Ray Dalio: Yes. The worsened condition is due to years of excesses, like overeating fatty foods and smoking over a lifetime. The cumulative effects have brought about the current conditions, and the great excesses that are now projected as a result of the new budget will probably cause a debt-induced heart-attack in the relatively near future — I’d say three years, give or take a year or two. I’ll explain.

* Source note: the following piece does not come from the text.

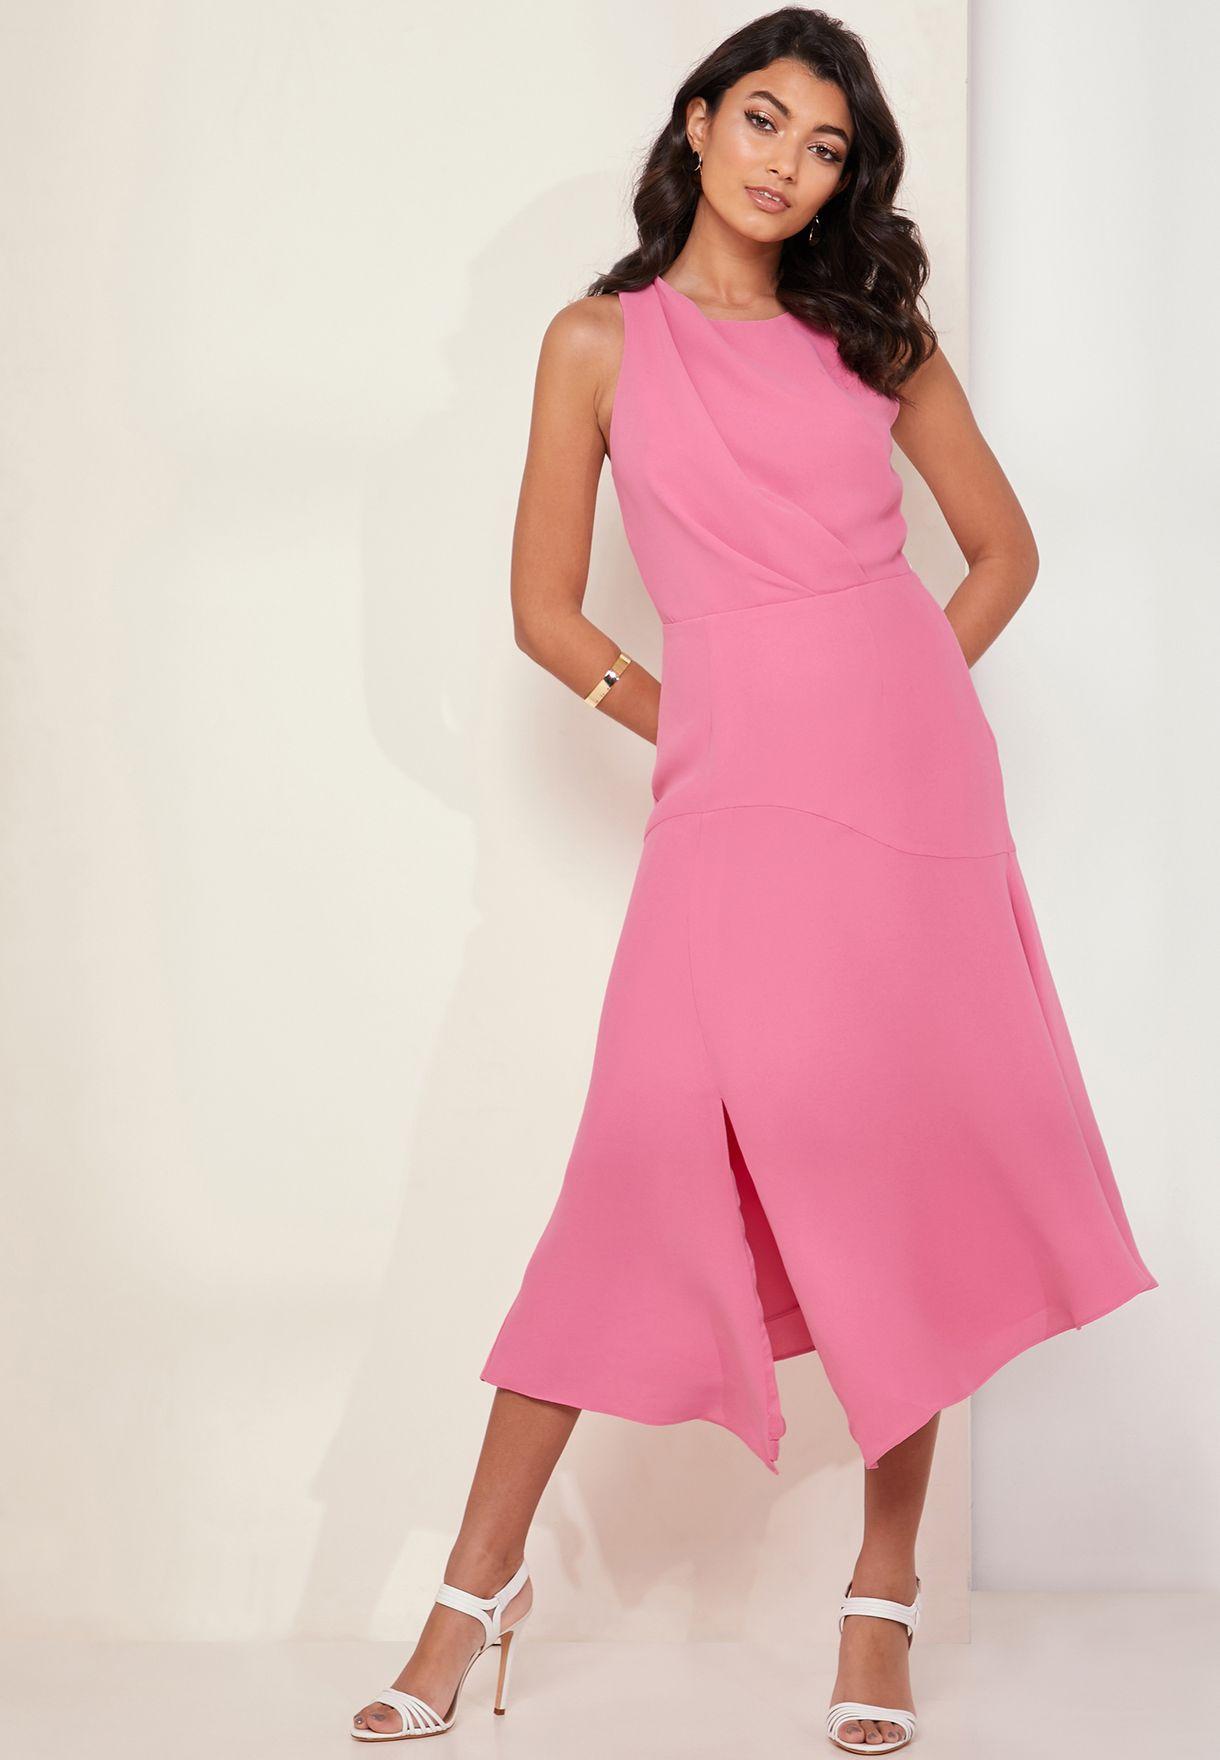 cf6ccd1ed8f Shop Reiss pink Cheyenne Asymmetric Pleated Detail Skater Dress ...

The credit circulatory system is like the human circulatory system in that it brings nutrients to different parts of the body. If the credit and debt are used to create income that is large enough to service the debt, then the system is working well and healthy. But if the debt and debt service expenditures grow faster than the incomes, they build up like plaque that squeezes out other spending. It is easy to see that happening. The US government’s debt service payments now equal about $1tn a year in interest and are increasing at a fast rate, with about $9tn needed to roll over the debt. That squeezes out other spending. The more that happens, the closer the country is to a debt-induced economic heart attack. Also, when there is a lot of existing debt plus a lot of new debt that is being created to finance deficit spending, the supply of debt being sold is much greater than the demand for it. Over the next year, the federal government will spend about $7tn and take in only about $5tn, so it will have to sell an additional roughly $2tn in debt, in addition to the $1tn it has to sell to pay interest plus the $9tn it has to raise to roll over the debt. Things are likely to get worse than that because when creditors become worried about the debt assets not being good storeholds of wealth, they sell them. The demand for debt will unlikely keep up with the supply. That is a classic sign of the big debt cycle entering the traumatic last phase. At this stage in the cycle, the central bank must decide whether to allow interest rates to go up and have a debt default crisis, or to print money and buy the debt that others won’t buy to try to hold real interest rates down, which will lower the value of money. Another classic sign of coming to the turbulent end of the big debt cycle is central banks doing a lot of printing money and buying debt and then losing so much on the debt assets that they bought that, at that stage, both the central bank and the central government need to borrow more money. This leads to the central bank printing even more money to service the large debts that they have. By all the classic measures, we are late in the big debt cycle, and if those who shape policies don’t change policies, there will be a debt service problem coupled with a debt supply-and-demand problem that will cause a debt-induced economic heart attack.